— Нет, отвечу откровенно. Похититель практически не оставляет следов. Я обозначил ситуацию в целом, теперь отвечу каждому. Вы, Копейкин, безусловно, правы: ведение частного расследования — дорогое дело и опустошает кассу. Это хороший довод, если ты чувствуешь дыхание погони на своем затылке.
— Что это за выпады, Грай?! — взревел Копейкин.
Но Грай остался невозмутимым и продолжал говорить так же спокойно.

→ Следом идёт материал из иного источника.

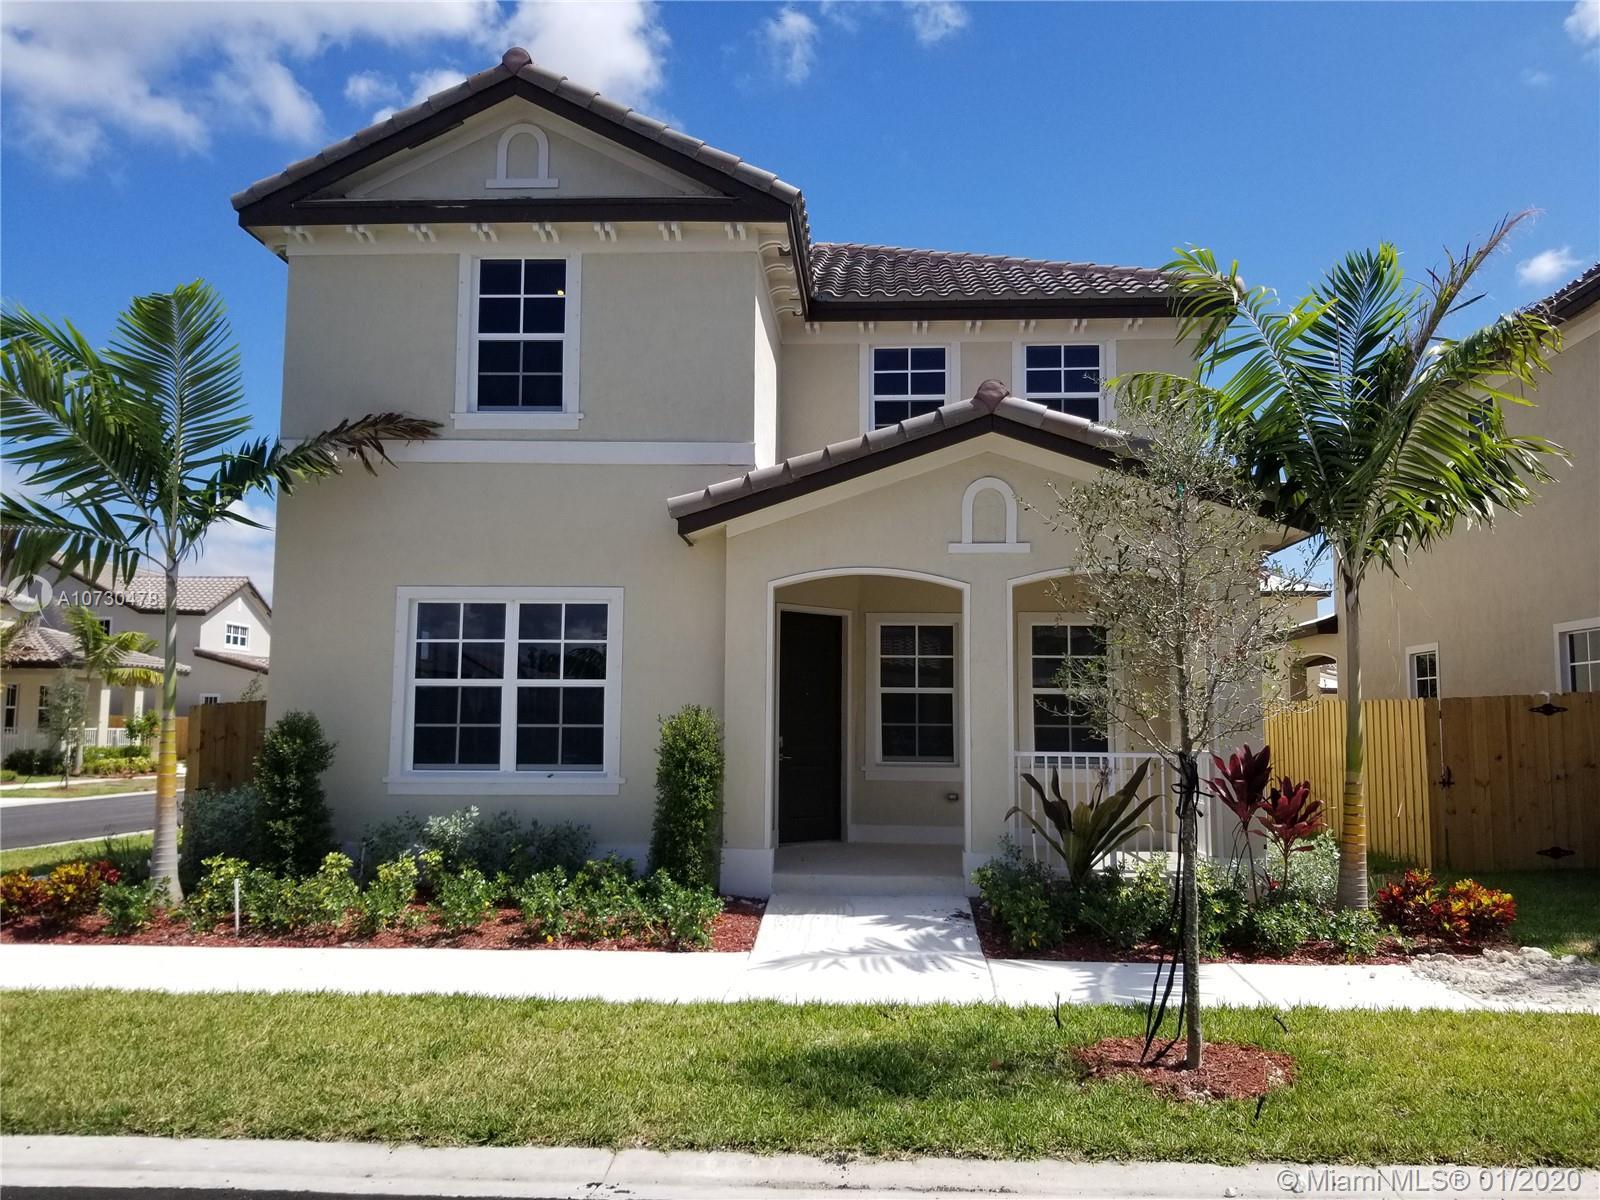 24301 SW 117th Path, Homestead, FL 33032 - Homestead, FL real estate listing

— Многие люди в стране, как Надежда Молчанова, испугались за свою жизнь и готовы пожертвовать малым, чтобы выжить. Другие, как Ирина Харитонова, не знают, на что решиться. Или делают вид, что не имеют своего мнения, по крайней мере его не высказывают, как говорится, себе на уме. Мне понятен гнев яростного индивидуалиста Дмитриева — ты меня не трогай, и я тебя не трону. Вы, Геннадий, справедливо упрекаете меня за смерть скорняка Левитина. Но, подумайте сами — тяжелая, пугающая ситуация сложилась в клубе давно. Бесстрашный, ловкий жулик запугал вас. Еще немного, и он полностью подчинил бы вас своей воле. У вас не было другого выхода, как нанять меня. Мы с вами испугали жулика, и он, ожидая справедливой мести, дрогнул и в отчаянии пошел на крайние меры, стал убивать тех, кто знал о его делишках и мог выдать. До противности знакомо мнение скептика и нытика Верхова. Он разуверился во всем, ни во что не ставит милицию и возможности частного расследования. Валерий, я не могу дать гарантии — погибнет ли еще кто-нибудь? А кто в нашем государстве может пообещать, что жертв больше не будет? И я не бог. Но я согласен с Шуваловым — во всех делах, даже самых малых, мы должны помнить о славе Отечества, о его пользе.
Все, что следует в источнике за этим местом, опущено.